Co-dependents have low self-esteem and look for anything outside of themselves to make them feel better. They find it hard to “be themselves.” Some try to feel better through alcohol, drugs or nicotine – and become addicted. Others may develop compulsive behaviors like workaholism, gambling, or indiscriminate sexual activity.
They have good intentions. They try to take care of a person who is experiencing difficulty, but the caretaking becomes compulsive and defeating. Co-dependents often take on a martyr’s role and become “benefactors” to an individual in need. A wife may cover for her alcoholic husband; a mother may make excuses for a truant child, or a father may “pull some strings” to keep his child from suffering the consequences of delinquent behavior.

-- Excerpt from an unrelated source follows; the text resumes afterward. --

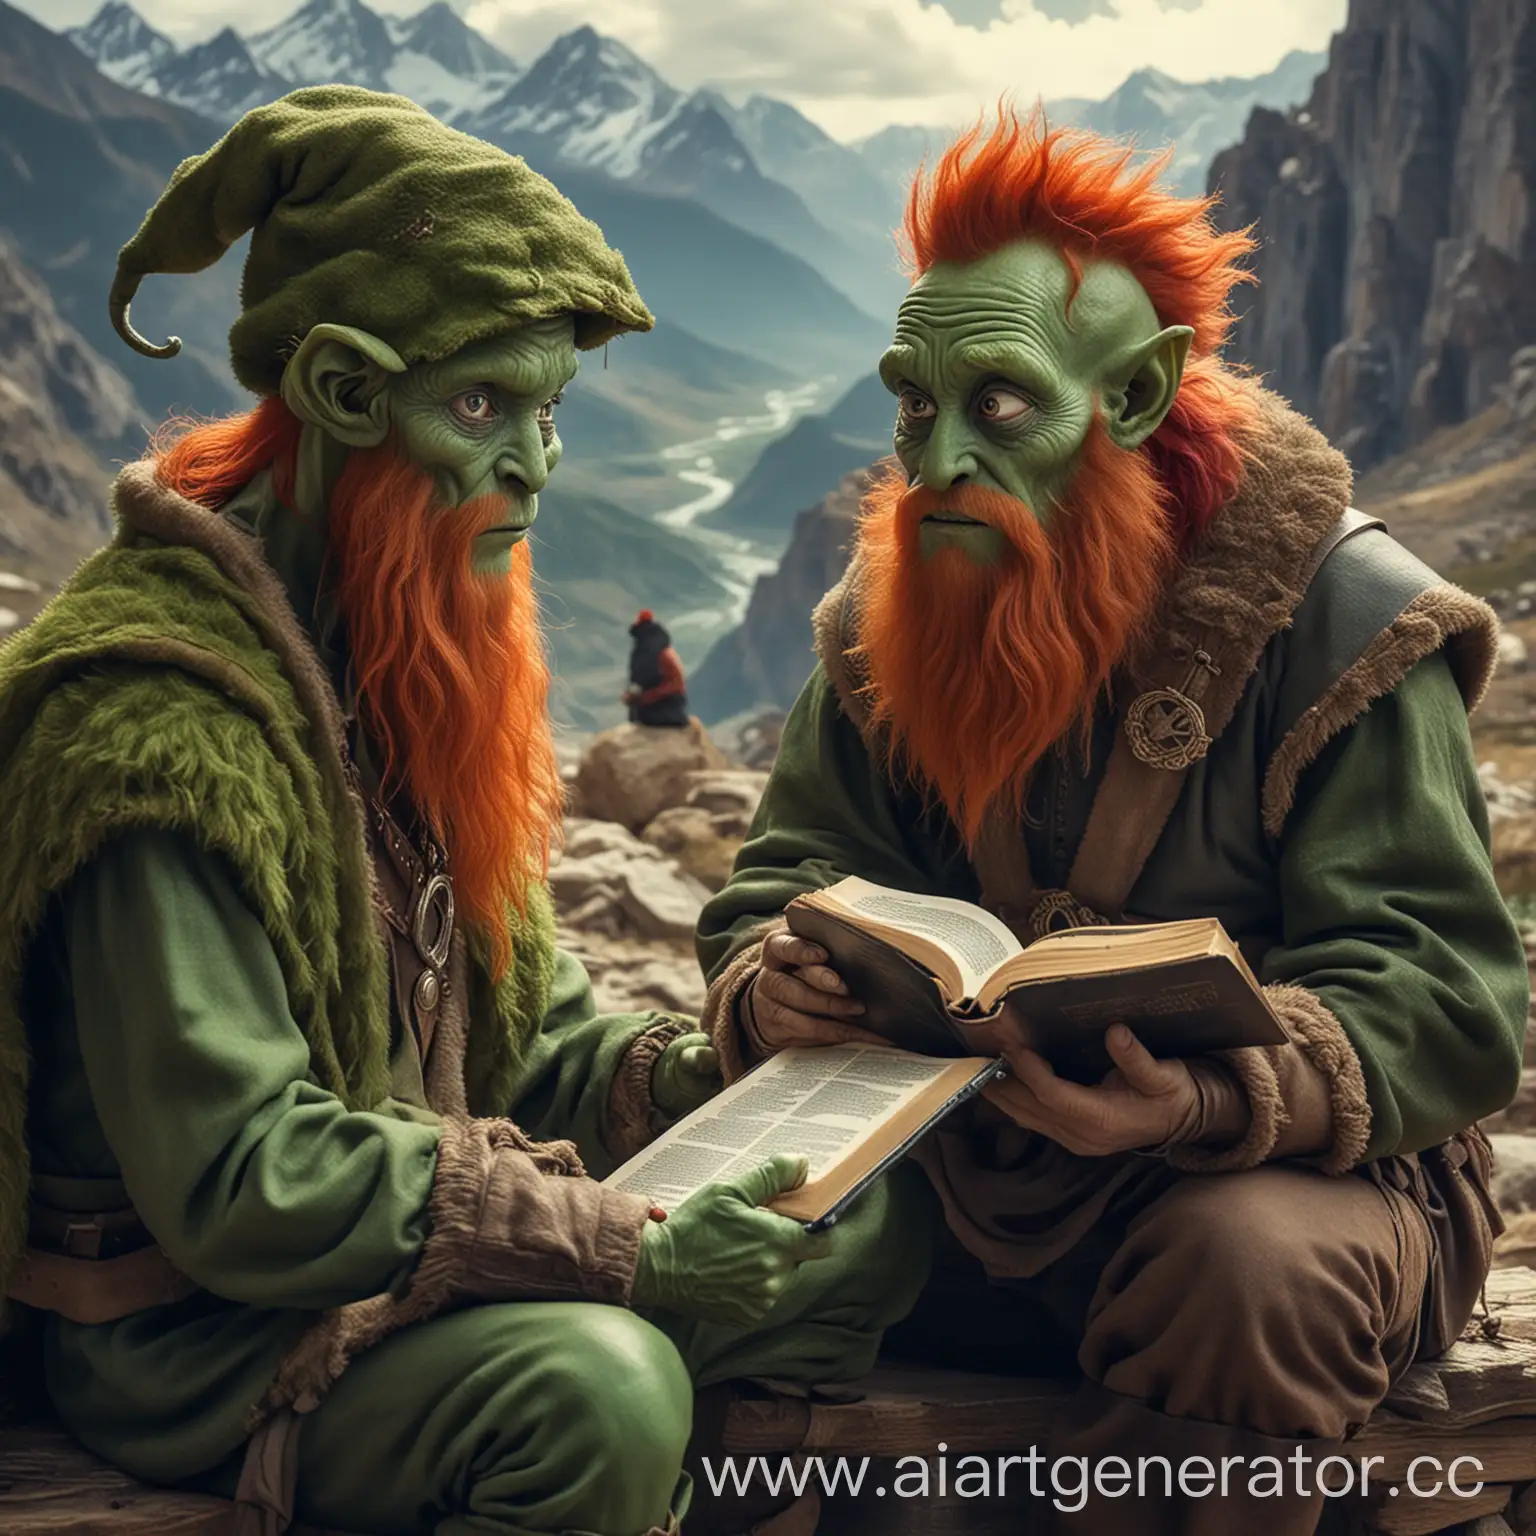 Green-Alien-Reading-Bible-to-Redbearded-Man-in-Mountain-Setting

Signs of codependency include:
- Difficulty making decisions in a relationship
- Difficulty identifying your feelings
- Difficulty communicating in a relationship
- Valuing the approval of others more than valuing yourself
- Lacking trust in yourself and having poor self-esteem
- Having fears of abandonment or an obsessive need for approval
- Having an unhealthy dependence on relationships, even at your own cost
- Having an exaggerated sense of responsibility for the actions of others
Codependency and Addiction
Codependency and addiction are often co-occurring struggles. In fact, the first studies involving Codependency were focused on the codependent relationship between alcoholics and their spouses. Many times a partner or loved one in the codependent relationship will struggle with an addiction to drugs and/or alcohol and their partner will enable their behavior and make excuses for them to keep them happy and prevent others from knowing the addiction exists.
In other cases, the codependent partner will not only enable their partners’ addiction and help to hide it from others but they will also aid in their destructive behavior, whether that means providing money for drugs and/or alcohol or actively purchasing the materials for them. This behavior feeds the needs of both people involved in the codependent relationship by providing the addict with the tools for their addiction and allowing the codependent partner to feel as though they have helped to keep their partner safe and secure.